It’s official – the chill of winter is just a memory and we can emerge from our warm, stuffy burrows to sniff the air and greet the sun. Although summer brings an invigorating feeling of freedom from bundling up in woolly layers and hogging the heater, clammy summer nights frequently impair effective sleep. Here’s how to keep cool in the bedroom and increase all-important rest time.
Love your linen
Bedlinen has a significant effect on sleep quality. In hot weather, the prime factors are breathability, and moisture-wicking, the ability of fabric to draw moisture from skin to outer layers of clothing or release it into the air.

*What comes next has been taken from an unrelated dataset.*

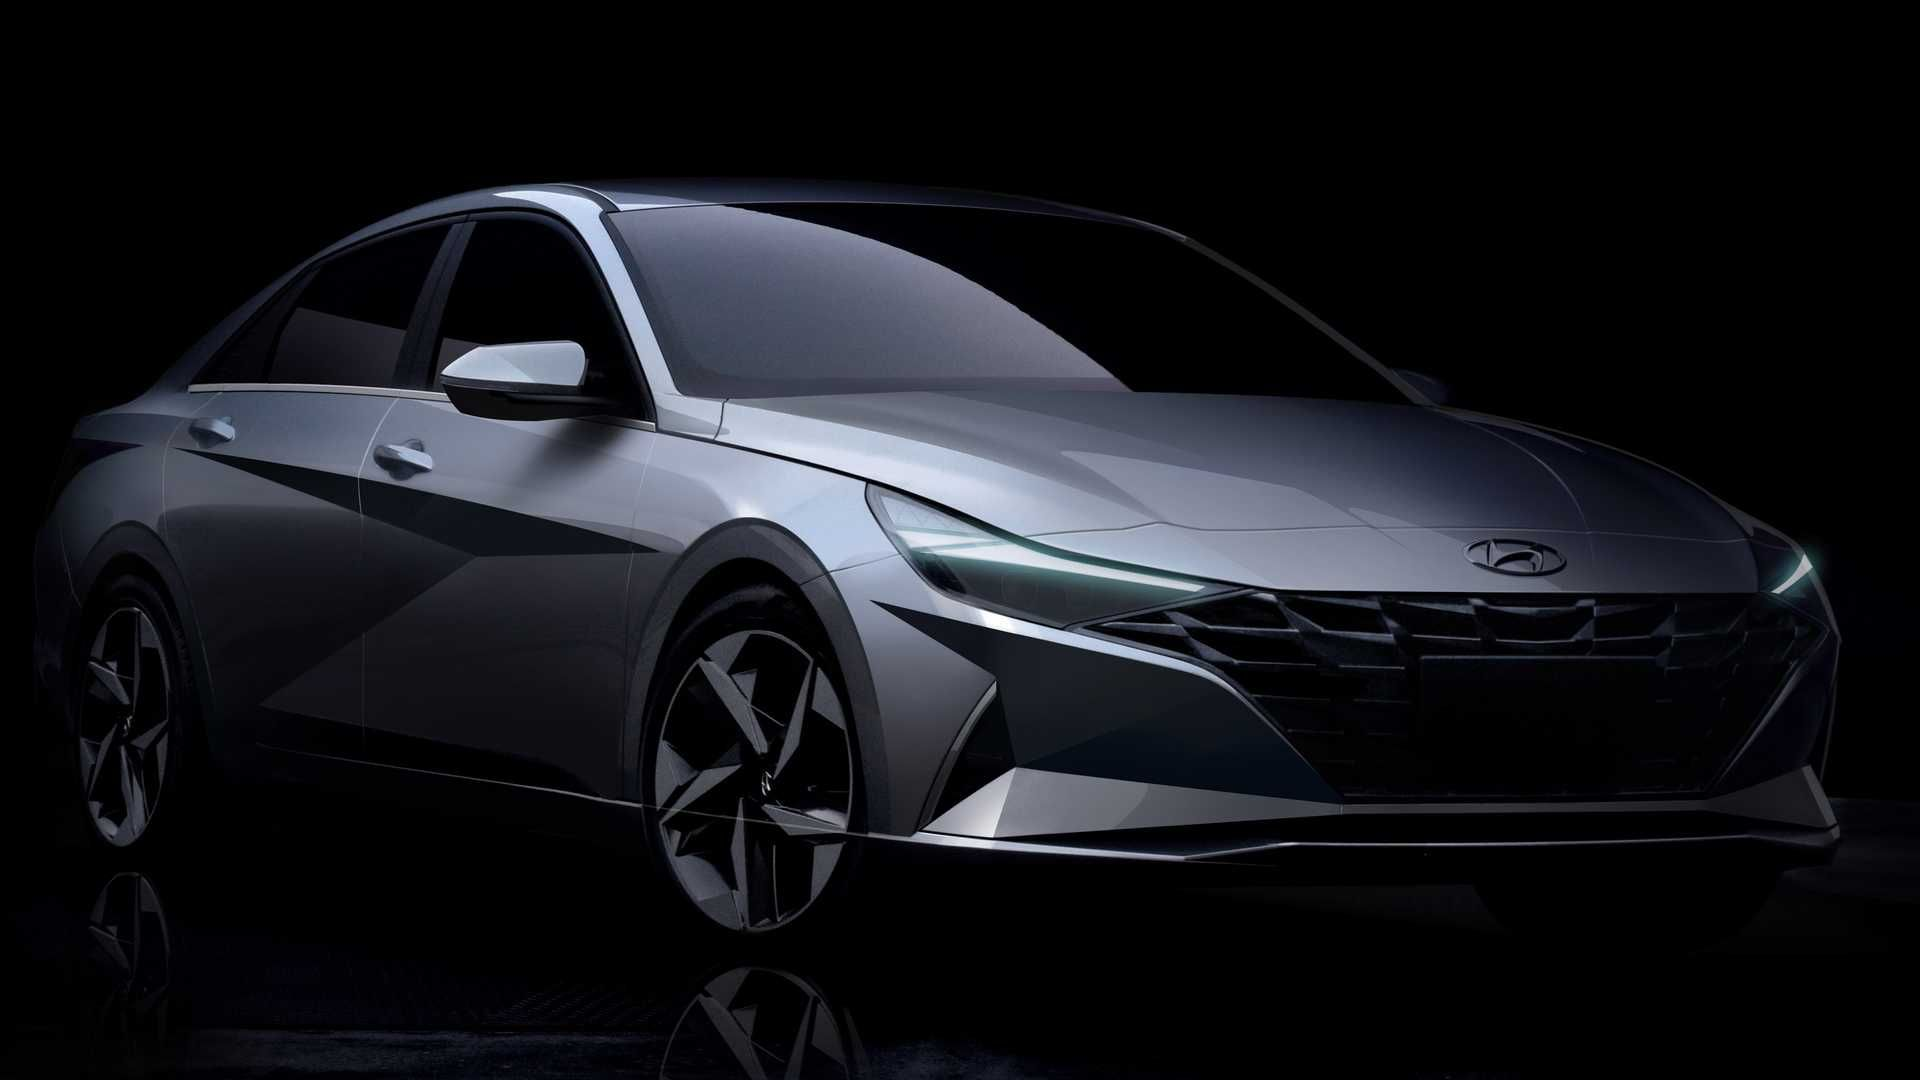 2021 Hyundai Elantra Debuts With Bigger Size, Upmarket

Natural fabrics are more effective at this than blends containing polyester or other synthetics. Cotton and linen are superb for breathability, and bamboo has superior moisture-wicking abilities.
It’s been proven that a cool bedroom, around 18 to 20°C, promotes restful sleep, even in winter. A well-ventilated room is essential to prevent a stuffy atmosphere that gets warmer during the night. Without resorting to power-hungry air-con, try opening windows to take advantage of lower night temperatures and fresh air.
Tip: If bedroom windows are exposed to full sun during the day, keep them closed and curtains and blinds drawn to stop heat build-up. Open them when the sun goes down and temperatures drop.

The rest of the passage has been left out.